Senate Majority Leader Harry Reid (D-Nev.) organized the rare all-night session in an attempt to dramatize the fight between Republicans and Democrats over the amendment.
The amendment, which was attached to the Department of Defense authorization bill, had majority support thanks to several Republicans who backed it. But Republicans used a procedural maneuver available to the minority party to require a 60-vote majority to move the bill forward.
Democrats only mustered 52 votes in favor of invoking cloture, falling short of the 60 required. Forty-seven senators voted against cloture. Reid at first voted in favor of cloture, but changed his vote at the last minute to join Republicans opposing it.
Reid’s vote against cloture allows him to call for another vote on the measure at a time of his choosing, according to spokesman Jim Manley, who said the switch was “only for procedure.”

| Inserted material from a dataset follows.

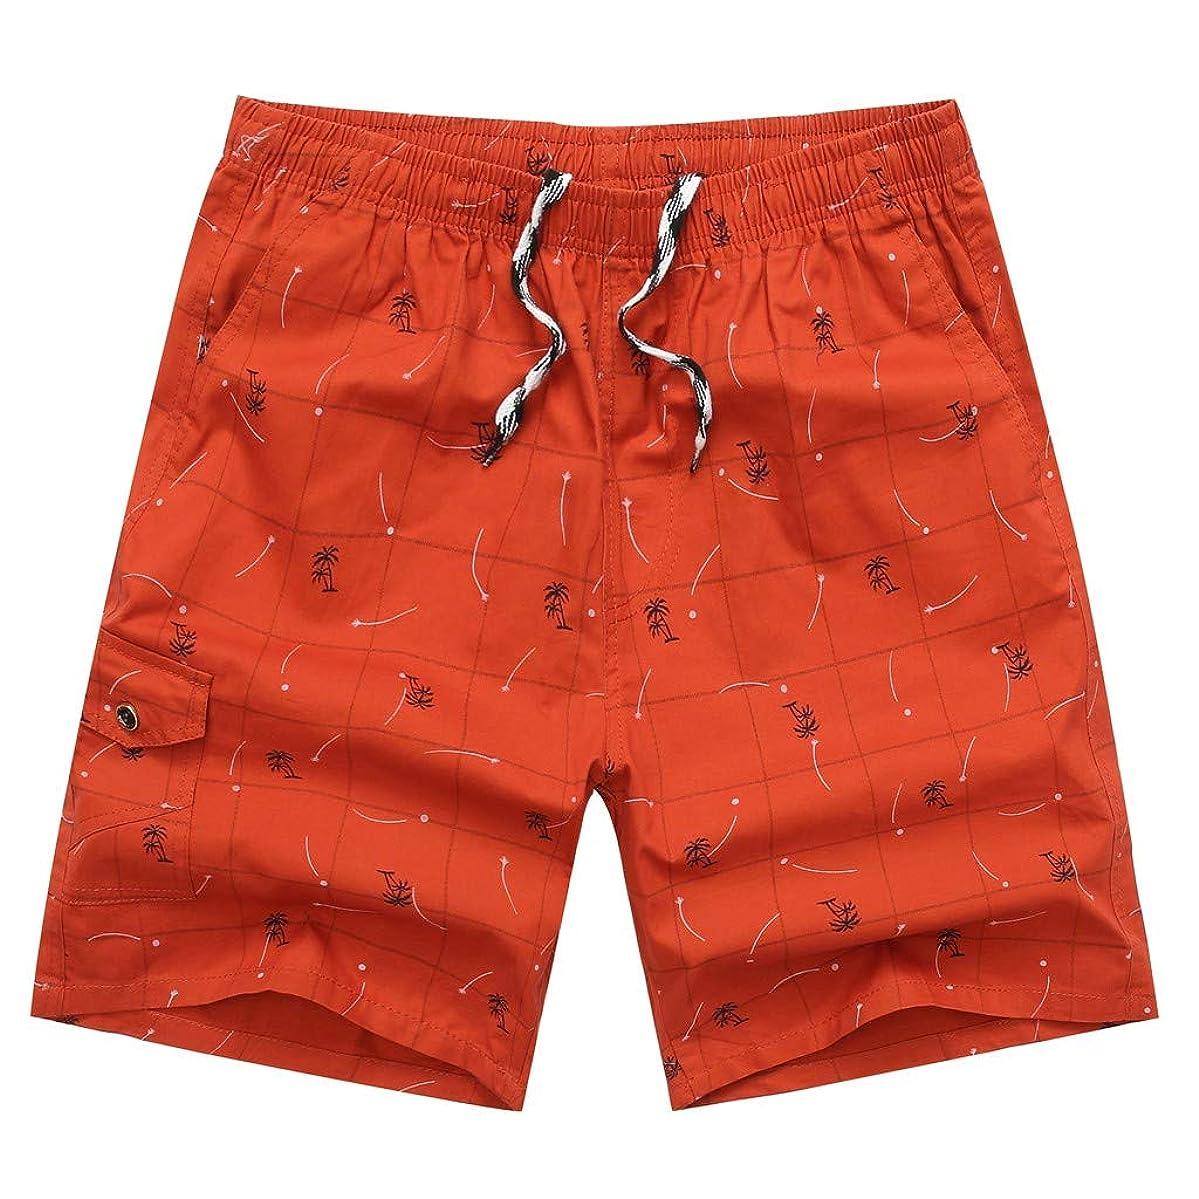 ZEFOTIM Shorts for Men 2019 Spring Summer Print Trunks Quick Dry Beach Surfing Running Short Pant

Reid expressed his disappointment at the outcome shortly after the vote but pledged to keep trying to pass legislation aimed at changing course in Iraq.

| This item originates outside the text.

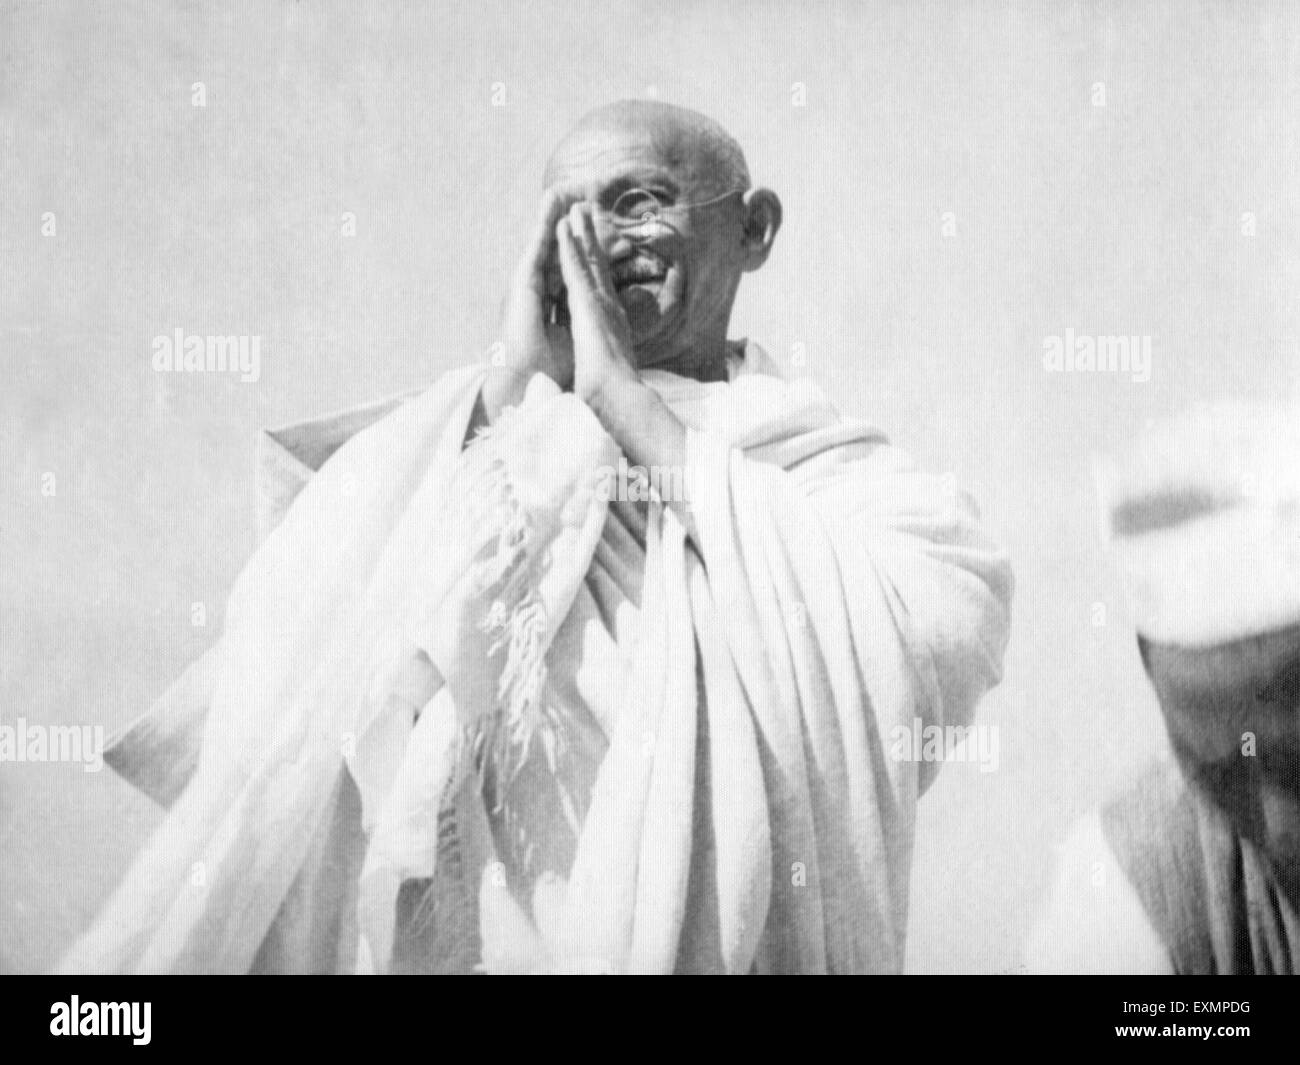 Mahatma Gandhi in greeting pose in Madras ; 1946 ; India - mkg 146300 - Stock Image

"We spent two days showing America that we're not going to back down, that we're going to continue to fight," he said. "How could we possibly shrink from this fight? How could we possibly try to avoid this fight?"
Reid had accused Republicans of obstructionism for blocking a simple-majority up-or-down vote on the amendment. But Republicans defended their maneuver as a standard tool of the minority party.
In a news conference before the all night session began Tuesday, Sen. John McCain (R-Ariz.) said that "time after time when the other side was in the minority they also invoked the 60-vote requirement."